▶ [Supplied information]:

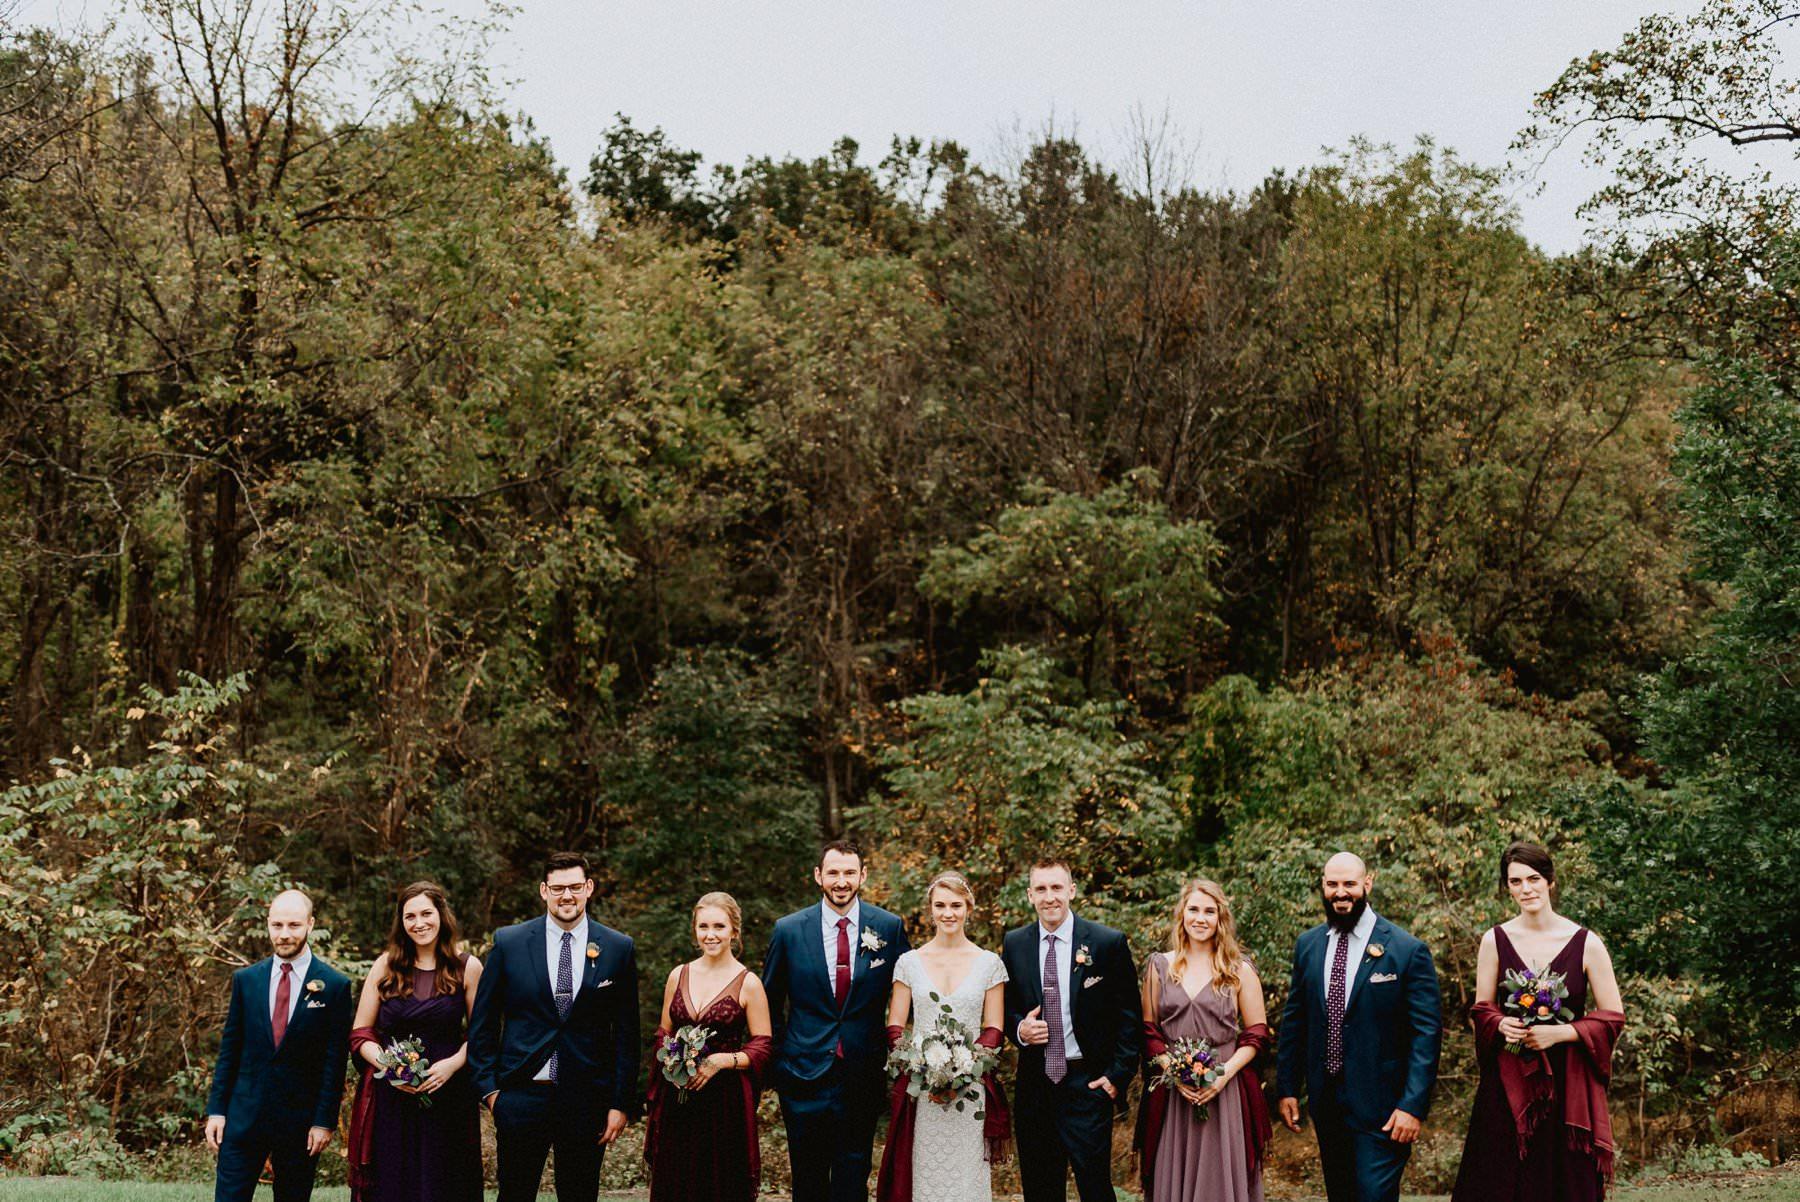 John_James_Audubon_Center_wedding-20.jpg
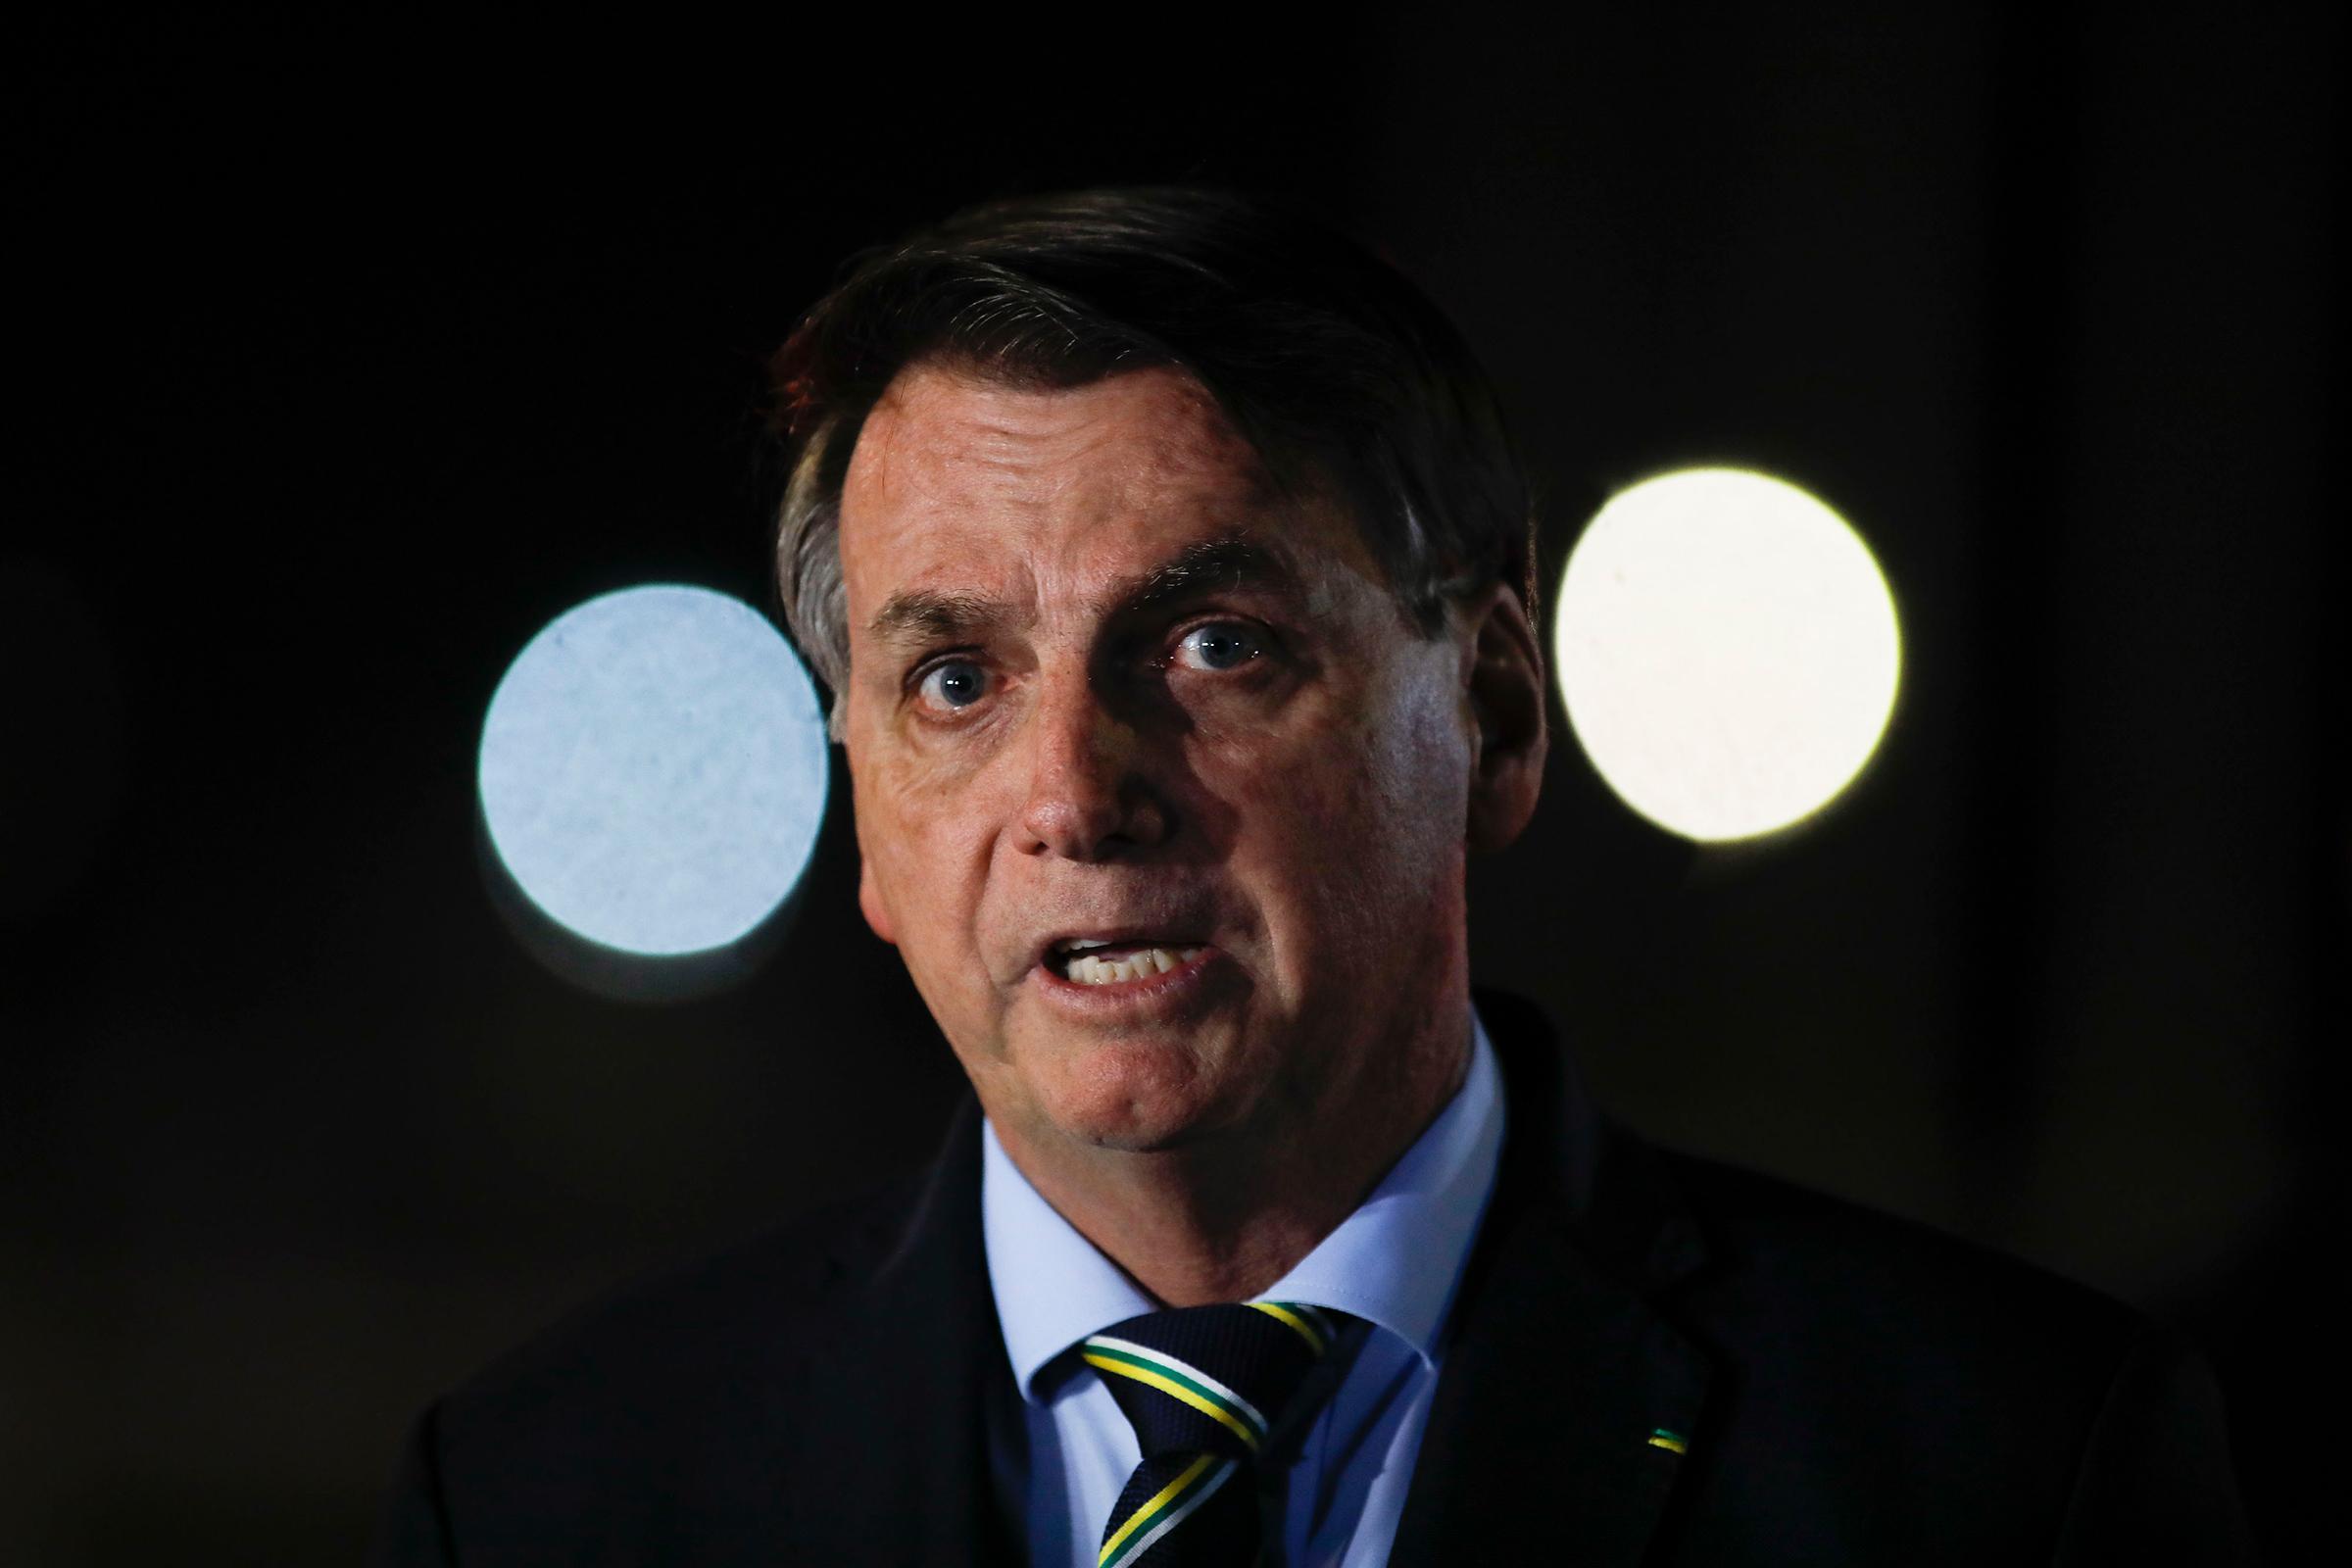 Brazil's President Jair Bolsonaro delivers a  press conference at Palacio da Alvorada da presidencial residence on April 16
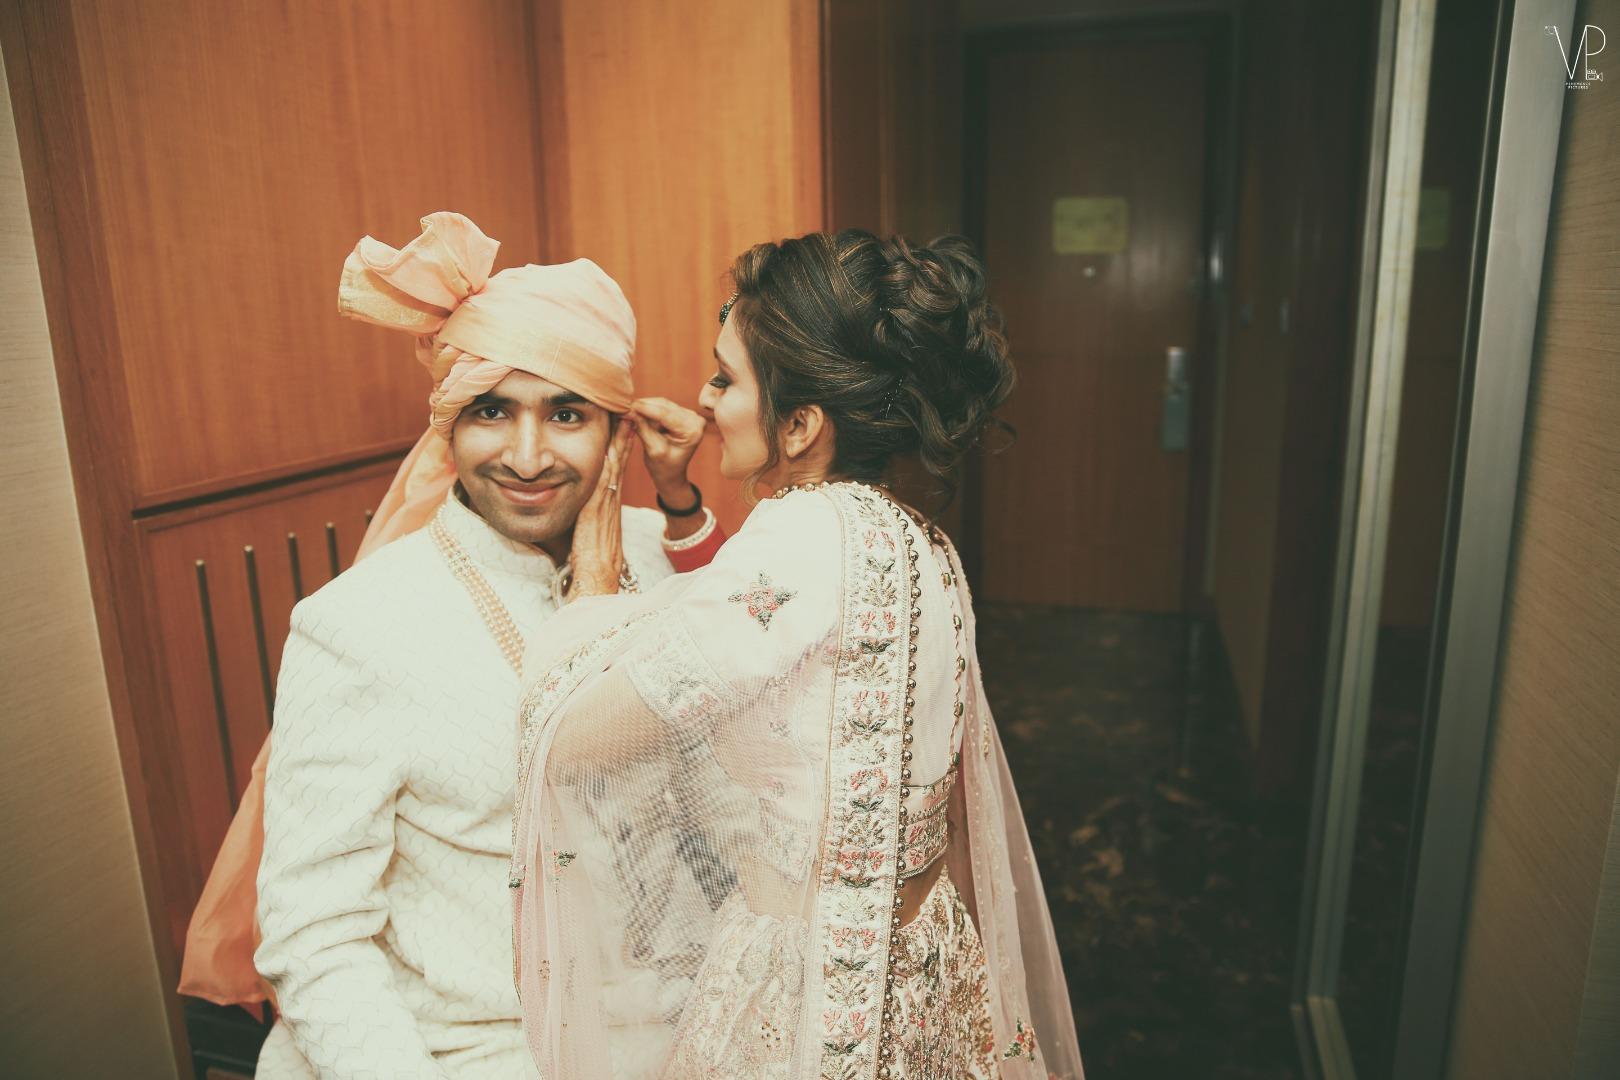 Indian Bride helping Groom Get Ready

▶ [Exercise aim]:
Reproduce the full listing above verbatim, with no pictures included.

▶ [Answer space]:
 John_James_Audubon_Center_wedding-20.jpg
 Brazil's President Jair Bolsonaro delivers a  press conference at Palacio da Alvorada da presidencial residence on April 16
 Indian Bride helping Groom Get Ready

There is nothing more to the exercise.